Por: Mariela Arvayo
Cananea, Sonora, a 28 de agosto de 2026.- El regreso a clases ya está a la vuelta de la esquina, y para que no te ganen las prisas y el estrés ante los cambios que se deben generar en la dinámica familiar después del período vacacional, te compartimos unas útiles sugerencias para recuperar tu rutina al regresar a las actividades escolares.
La maestra Maribel Vásquez Morales, directora del Colegio Bicultural de las Américas, con amplia experiencia como docente, pero también como madre de familia, sugirió 10 puntos para aplicar ante el próximo inicio del ciclo escolar:
- Empiecen a ajustar los horarios desde unos días antes, no esperen al primer día de clases para cambiar la hora de dormir y despertar. Adelanten gradualmente la hora de acostarse y levántense un poco más temprano cada día.
- Recuperen una buena rutina de sueño. Dormir bien influye directamente en el estado de ánimo, la concentración y el aprendizaje. Establezcan una hora para dormir y procuren mantenerla incluso los fines de semana.
- Organicen juntos la mañana. Preparar desde la noche anterior uniforme, mochila, zapatos, lonchera y todo lo necesario evitará las prisas y discusiones al comenzar el día.
- Hagan un calendario familiar. Coloquen en un lugar visible las actividades escolares, tareas, entrenamientos, clases extracurriculares, citas y compromisos familiares. Esto ayuda a que todos sepan qué viene y evita saturar la agenda.
- No llenen cada minuto de actividades. Después de la escuela también necesitan tiempo para descansar, jugar, convivir y simplemente no hacer nada. Una agenda demasiado llena puede generar cansancio y estrés.
- Establezcan un horario para tareas. Busquen un momento fijo, en un espacio tranquilo y con pocas distracciones. No se trata de estar encima de ellos todo el tiempo, sino de enseñarles a organizarse y asumir responsabilidades.
- Regulen nuevamente el uso de pantallas. Durante las vacaciones los horarios suelen relajarse. Retomen límites claros, especialmente antes de dormir y durante el tiempo destinado a tareas, comidas y convivencia familiar.
- Involucren a sus hijos en la organización.
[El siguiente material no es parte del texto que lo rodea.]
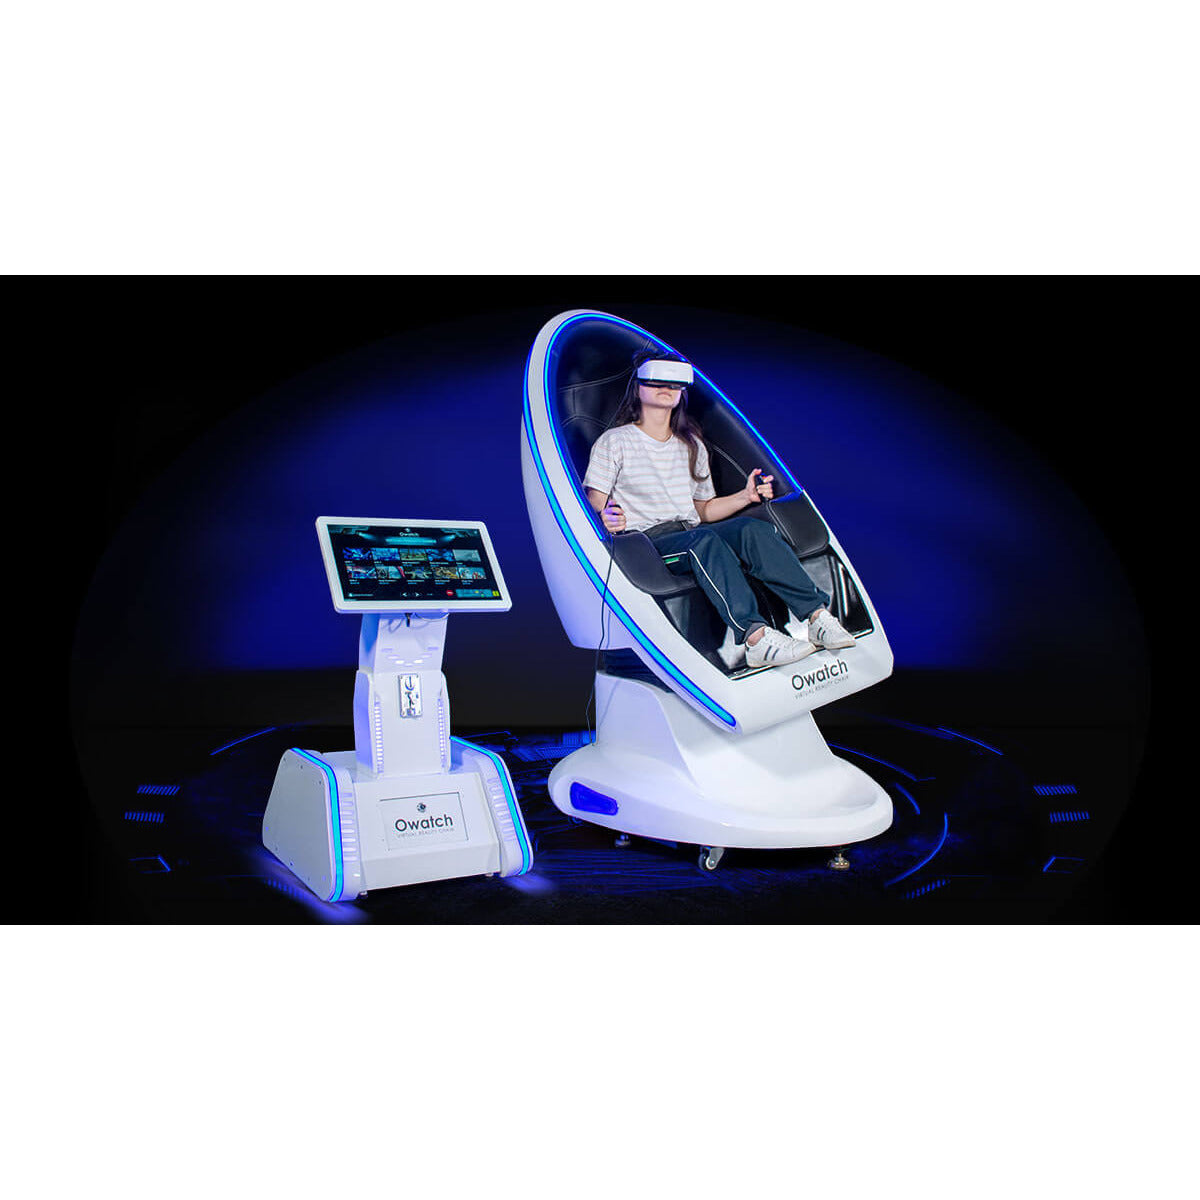 VR CHAIR 22 inch control panel with coin system

Pregúntenles: “¿Qué crees que necesitamos preparar para que tus mañanas sean más fáciles?” Darles participación fomenta autonomía y responsabilidad.
- Hablen sobre el regreso a clases. Pregunten cómo se sienten, qué esperan del nuevo ciclo y si hay algo que les preocupe. En adolescentes, una conversación tranquila puede ser mucho más efectiva que una larga lista de instrucciones.
- Eviten comenzar con presión y perfeccionismo. Los primeros días son para volver a encontrar el ritmo. Habrá olvidos, cansancio y pequeños tropiezos. Lo importante es acompañarlos, corregir y volver a intentarlo.
La maestra resaltó que la idea clave es recordar que la rutina no significa rigidez, sino que permite que los niños y adolescentes sepan qué esperar, tengan responsabilidades claras y, al mismo tiempo, cuenten con espacios para descansar, divertirse y convivir, para que todos tengan un ¡Feliz regreso a clases!